New Economic Policy
The New Economic Policy was an economic policy of the Soviet Union proposed by Vladimir Lenin in 1921 as a temporary expedient. Lenin characterized the NEP in 1922 as an economic system that would include "a free market and capitalism, both subject to state control," while socialized state enterprises would operate on "a profit basis."
The NEP represented a more market-oriented economic policy to foster the economy of the country, which had suffered severely since 1915. The Soviet authorities partially revoked the complete nationalization of industry and introduced a system of mixed economy which allowed private individuals to own small enterprises, while the state continued to control banks, foreign trade, and large industries. In addition, the NEP abolished prodrazvyorstka and introduced prodnalog: a tax on farmers, payable in the form of raw agricultural product. The Bolshevik government adopted the NEP in the course of the 10th Congress of the All-Russian Communist Party and promulgated it by a decree on 21 March 1921: "On the Replacement of Prodrazvyorstka by Prodnalog". Further decrees refined the policy. Other policies included monetary reform and the attraction of foreign capital.
The NEP policy created a new category of people called NEPmen . Joseph Stalin abandoned the NEP in 1928 with the Great Break.
Beginnings
In November 1917, the Bolsheviks seized control of key centres in Russia. This led to the Russian Civil War of 1917–1922, which pitted the Bolsheviks and their allies against the Whites and other counter-revolutionary forces. During this period the Bolsheviks attempted to administrate Russia's economy purely by decree, a policy of the War Communism. Farmers and factory workers were ordered to produce, and food and goods were seized and issued by decree. While this policy enabled the Bolshevik regime to overcome some initial difficulties, it soon caused economic disruptions and hardships. Producers who were not directly compensated for their labor often stopped working, leading to widespread shortages. Combined with the devastation of the war, these were major hardships for the Russian people and diminished popular support for the Bolsheviks.At the end of the Civil War, the Bolsheviks controlled Russian cities, but 80% of the Russian population were peasants. Although almost all the fighting had occurred outside urban areas, urban populations decreased substantially. The war disrupted transportation, and basic public services. Infectious diseases thrived, especially typhus. Shipments of food and fuel by railroad and by water dramatically decreased. City residents first experienced a shortage of heating oil, then coal, until they resorted to wood. Populations in northern towns declined an average of 24%. Northern towns received less food than towns in the agricultural south. Petrograd alone lost 850,000 people, half of the urban population decline during the Civil War. Hunger and poor conditions drove residents out of cities. Workers migrated south to get peasants' surpluses. Recent migrants to cities left because they still had ties to villages.

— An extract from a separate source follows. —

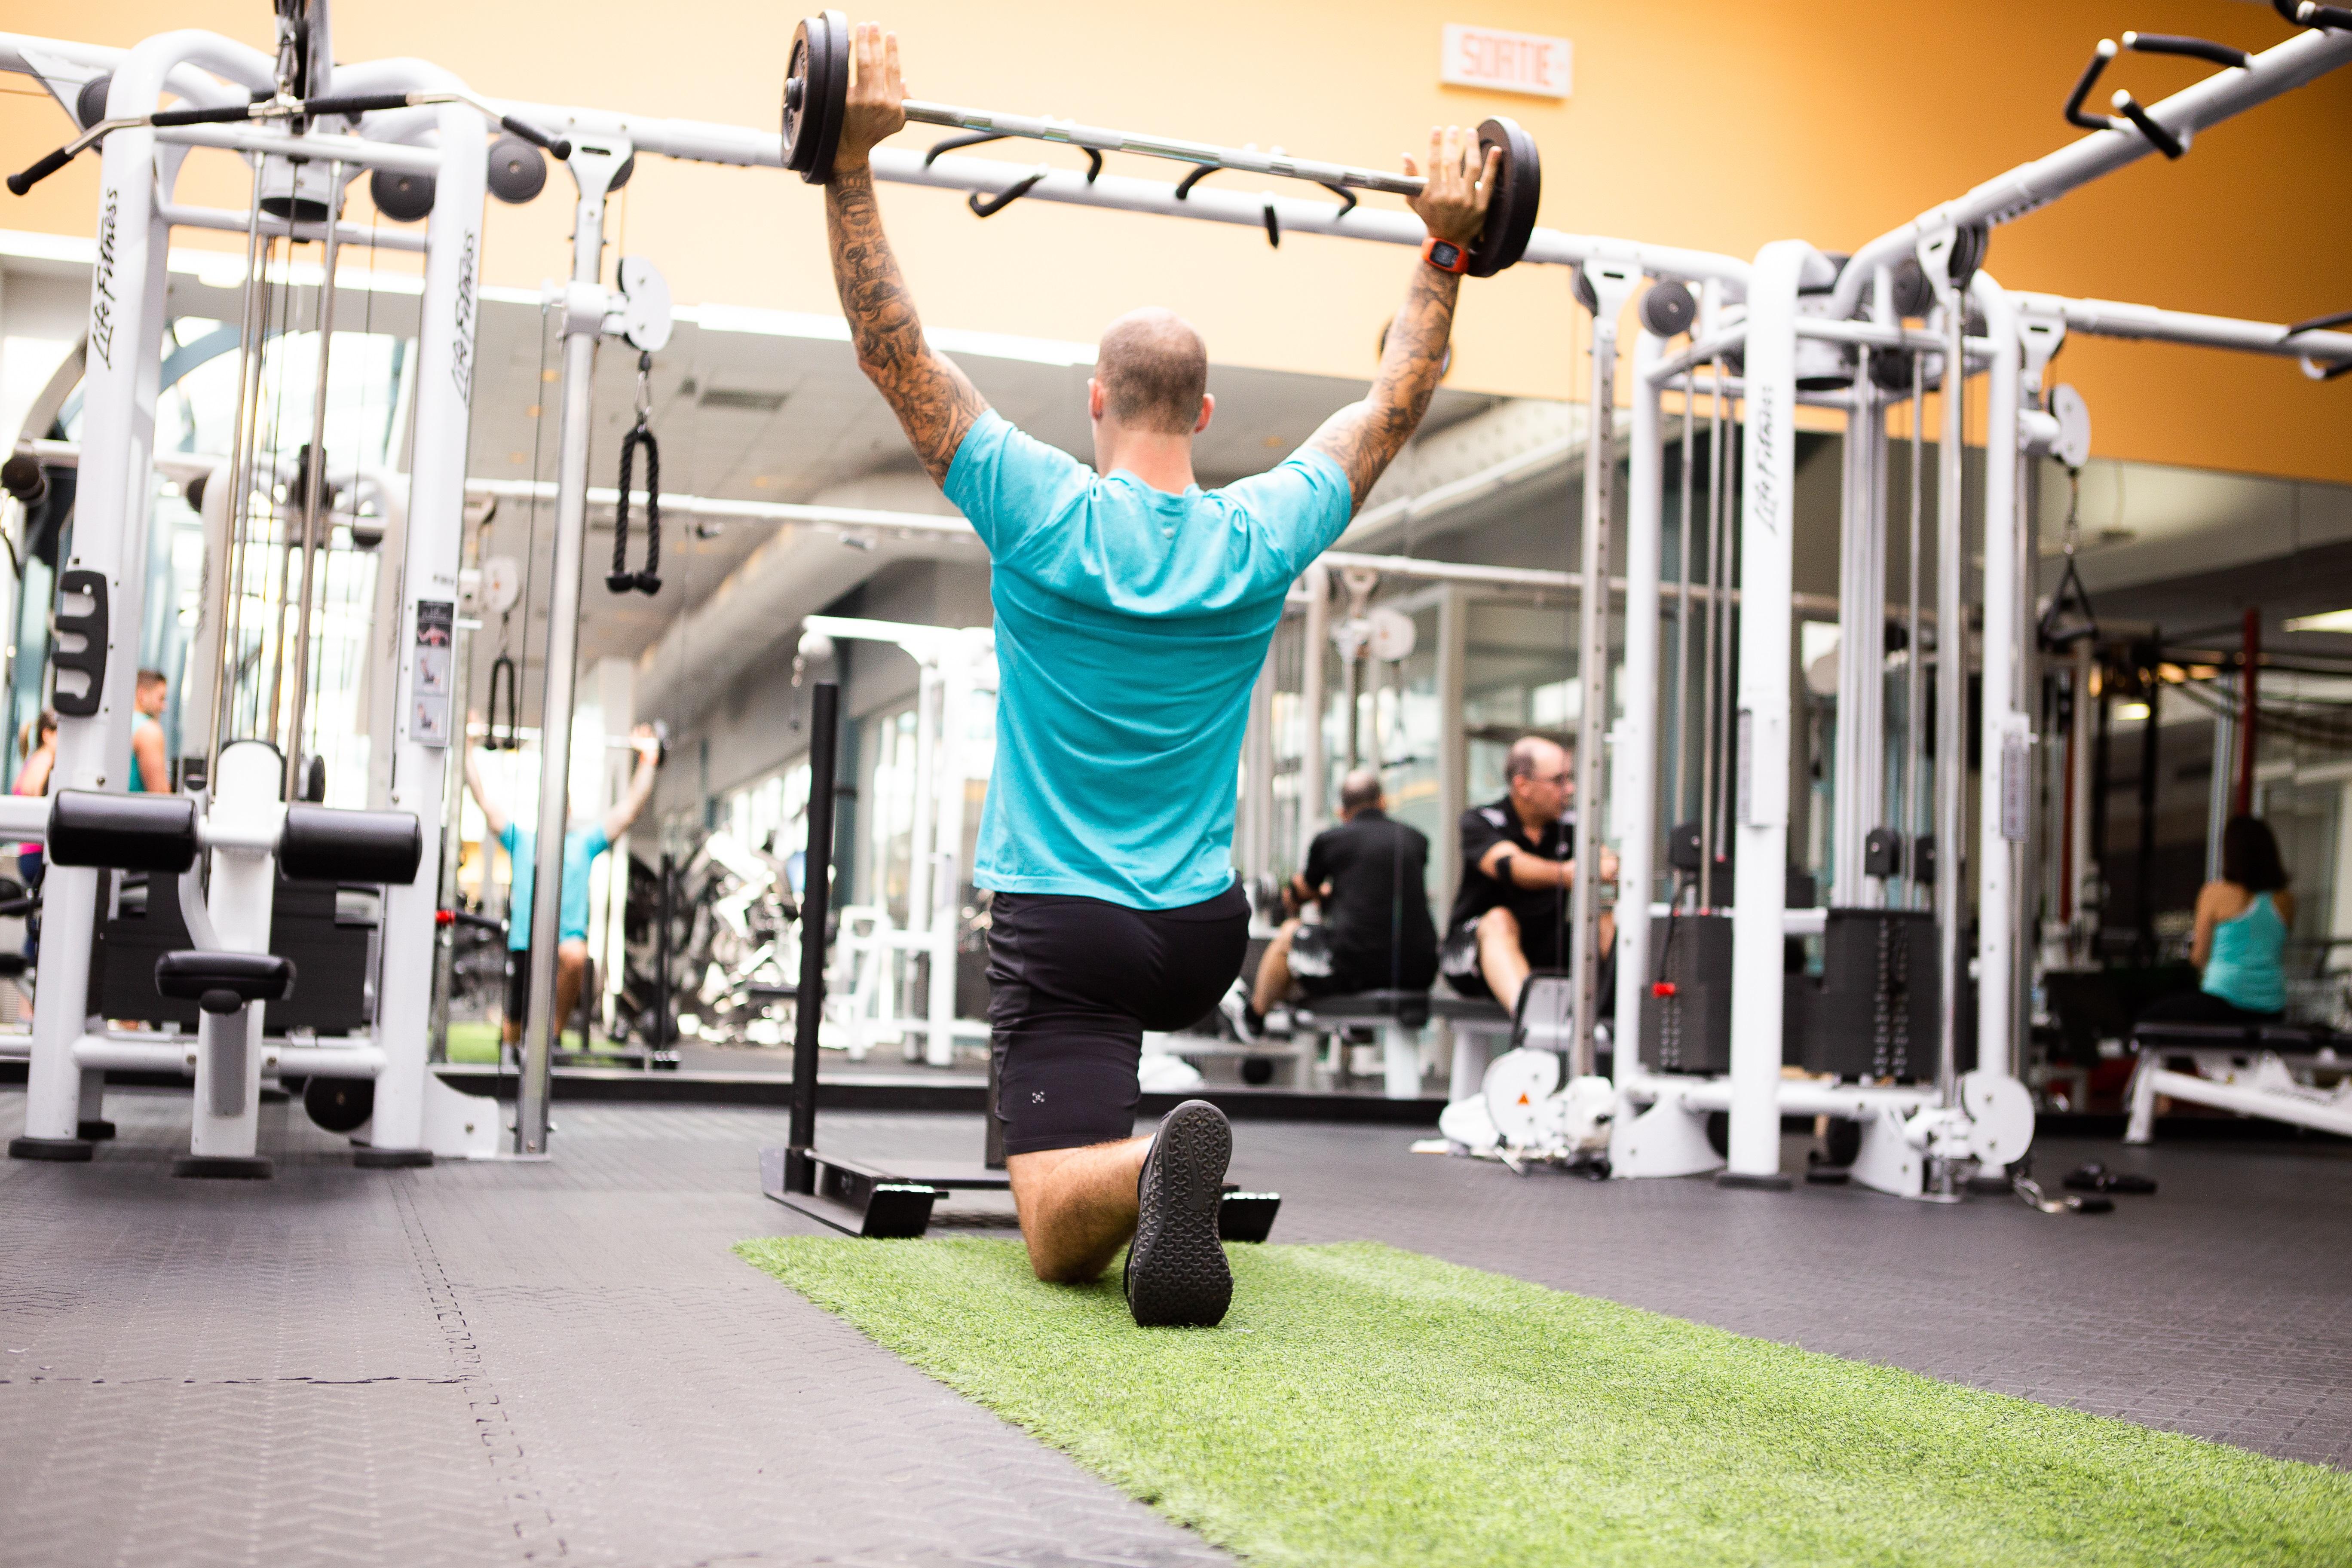 Comment optimiser la santé de vos épaules?

Urban workers formed the core of Bolshevik support, so the exodus posed a serious problem. Factory production severely slowed or halted. Factories lacked 30,000 workers in 1919. To survive, city dwellers sold personal valuables, made artisan craft-goods for sale or barter, and planted gardens. The acute need for food drove them to obtain 50–60% of food through illegal trading. The shortage of cash caused the black market to use a barter system, which was inefficient. Drought and frost led to the Russian famine of 1921, in which millions starved to death, especially in the Volga region, and urban support for the Bolshevik party eroded. When no bread arrived in Moscow in 1921, workers became hungry and disillusioned. They organised demonstrations against the Bolshevik Party's policy of privileged rations, in which the Red Army, Party members, and students received rations first. The Kronstadt rebellion of soldiers and sailors broke out in March 1921, fueled by anarchism and populism. In 1921 Lenin replaced the food requisitioning policy with a tax, signaling the inauguration of the New Economic Policy.
Policies
The laws sanctioned the co-existence of private and public sectors, which were incorporated in the NEP, which was a state oriented "mixed economy". The NEP represented a move away from full nationalization of certain parts of industries. Some kinds of foreign investments were expected by the Soviet Union under the NEP, in order to fund industrial and developmental projects with foreign exchange or technology requirements.The NEP was primarily a new agricultural policy. The Bolsheviks viewed traditional village life as conservative and backward. With the NEP, the state only allowed private landholdings because the idea of collectivized farming had met strong opposition.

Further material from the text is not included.